Hamadi Ayari

Personal information
- Date of birth: 8 January 1991 (age 35)
- Place of birth: La Tronche, France
- Height: 1.78 m (5 ft 10 in)
- Position: Midfielder

Youth career
- 2006–2010: Grenoble

Senior career*
- Years: Team / Apps / (Gls)
- 2010–2011: Grenoble / 19 / (0)
- 2011–2012: Metz / 7 / (0)
- 2012–2016: Grenoble / 95 / (7)
- 2016–2021: Sporting Club Lyon / 129 / (13)
- 2021–2022: Sedan / 38 / (3)
- Total:  / 288 / (23)

= Hamadi Ayari =

French footballer (born 1991)

Hamadi Ayari (born 8 January 1991) is a French former professional footballer who played as a midfielder.

==Career==
Having joined Grenoble in 2006 Ayari was promoted to the senior team by former manager Yvon Pouliquen ahead of the 2009–10 season. He made his senior debut on 10 September 2010 in a Ligue 2 match against Istres appearing as a substitute in a 1–0 victory.

Released at the end of his contract with Grenoble, Ayari signed for Metz in September 2011, on an initial one-year deal, with the option to extend for two further years. He was released at the end of the season, when Metz were relegated to the Championnat National. Without a club, he returned to Grenoble to train.
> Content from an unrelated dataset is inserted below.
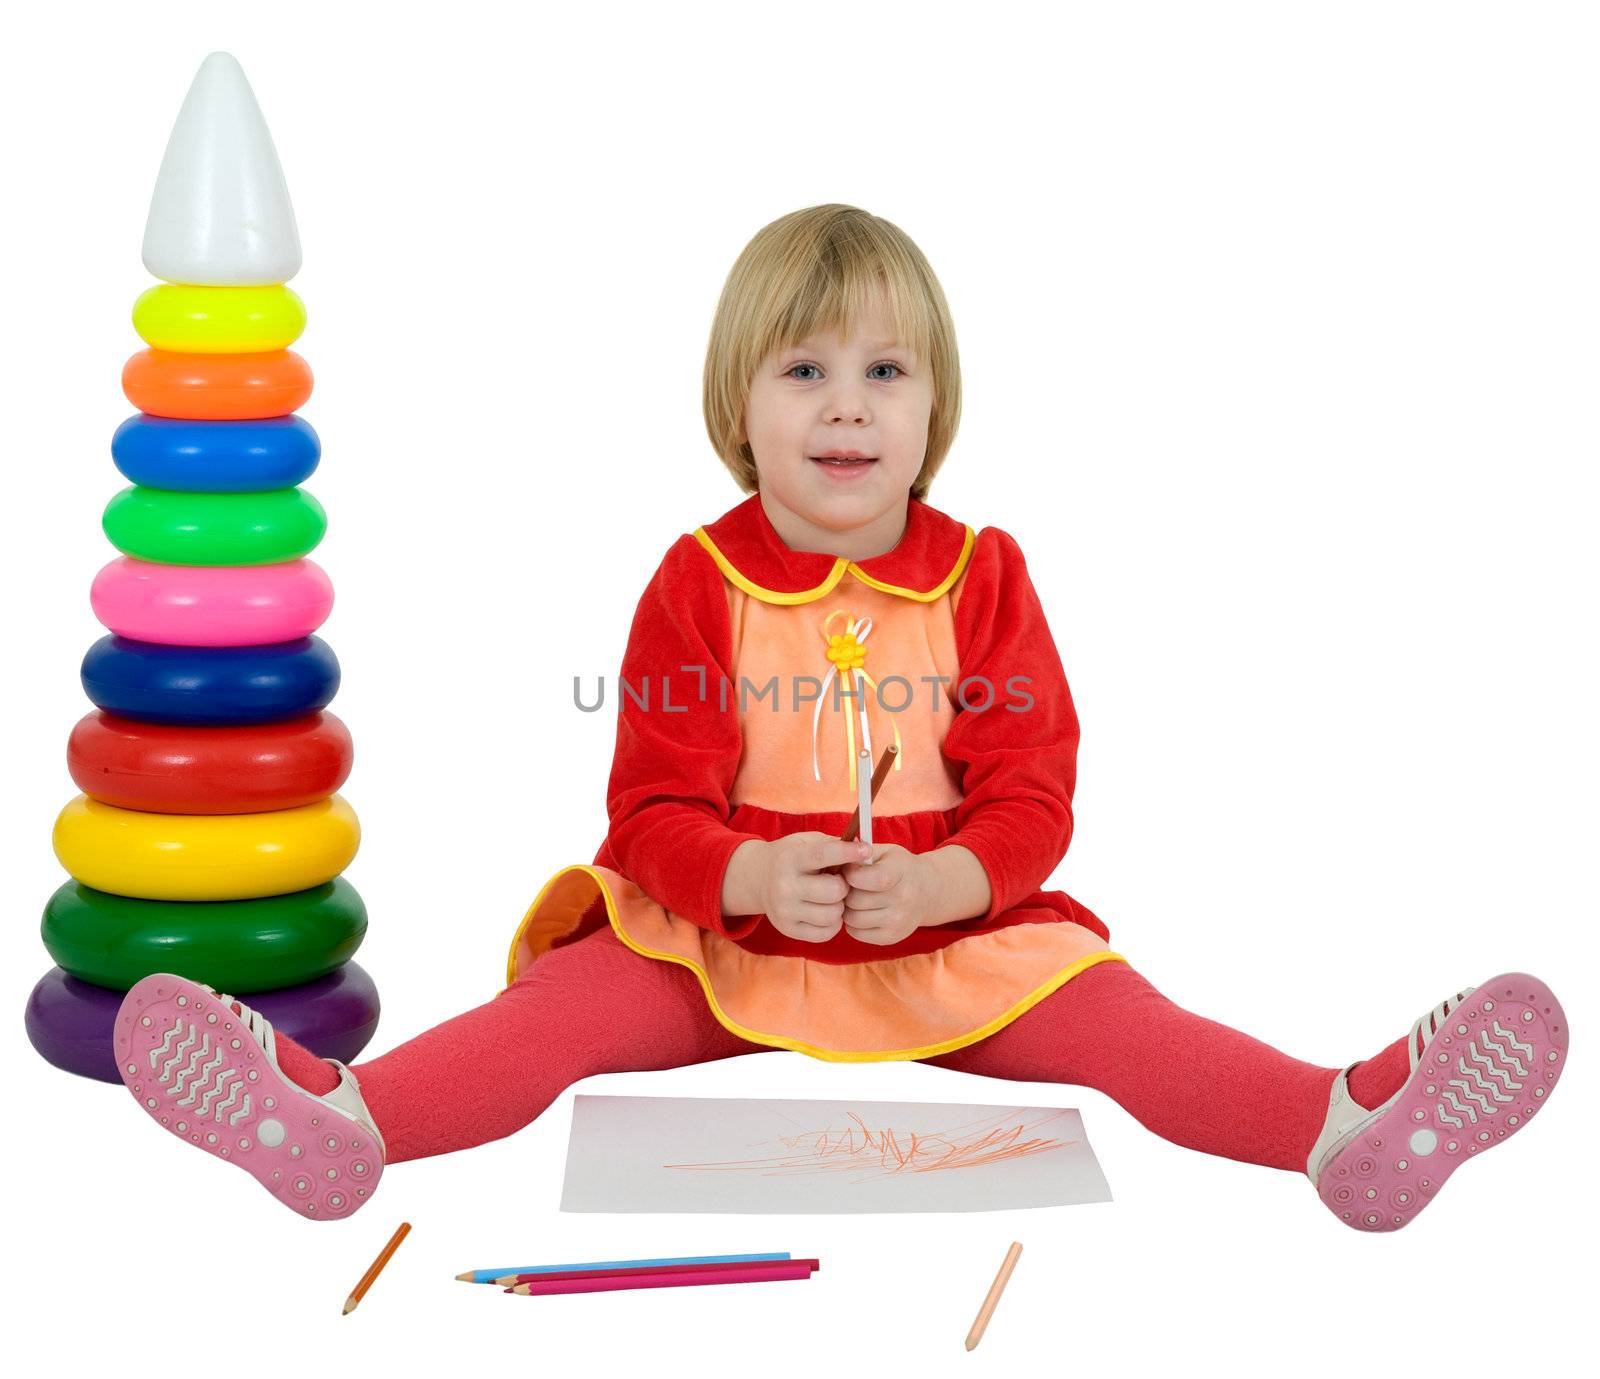 Little girl and toy pyramid and crayons by pzaxe

The club were now playing at the amateur level, so he had to wait until 1 October 2012 before signing a contract, due to regulations about reclassifying professional players as amateur.

After four seasons with Grenoble, Ayari signed with AS Lyon-Duchère in the Championnat National in June 2016, having been linked with various Ligue 2 sides. Lyon-Duchère rebranded as Sporting Club Lyon in June 2020.

On 22 June 2021, he agreed to join Sedan in Championnat National. On 17 December 2022, Ayari announced his retirement.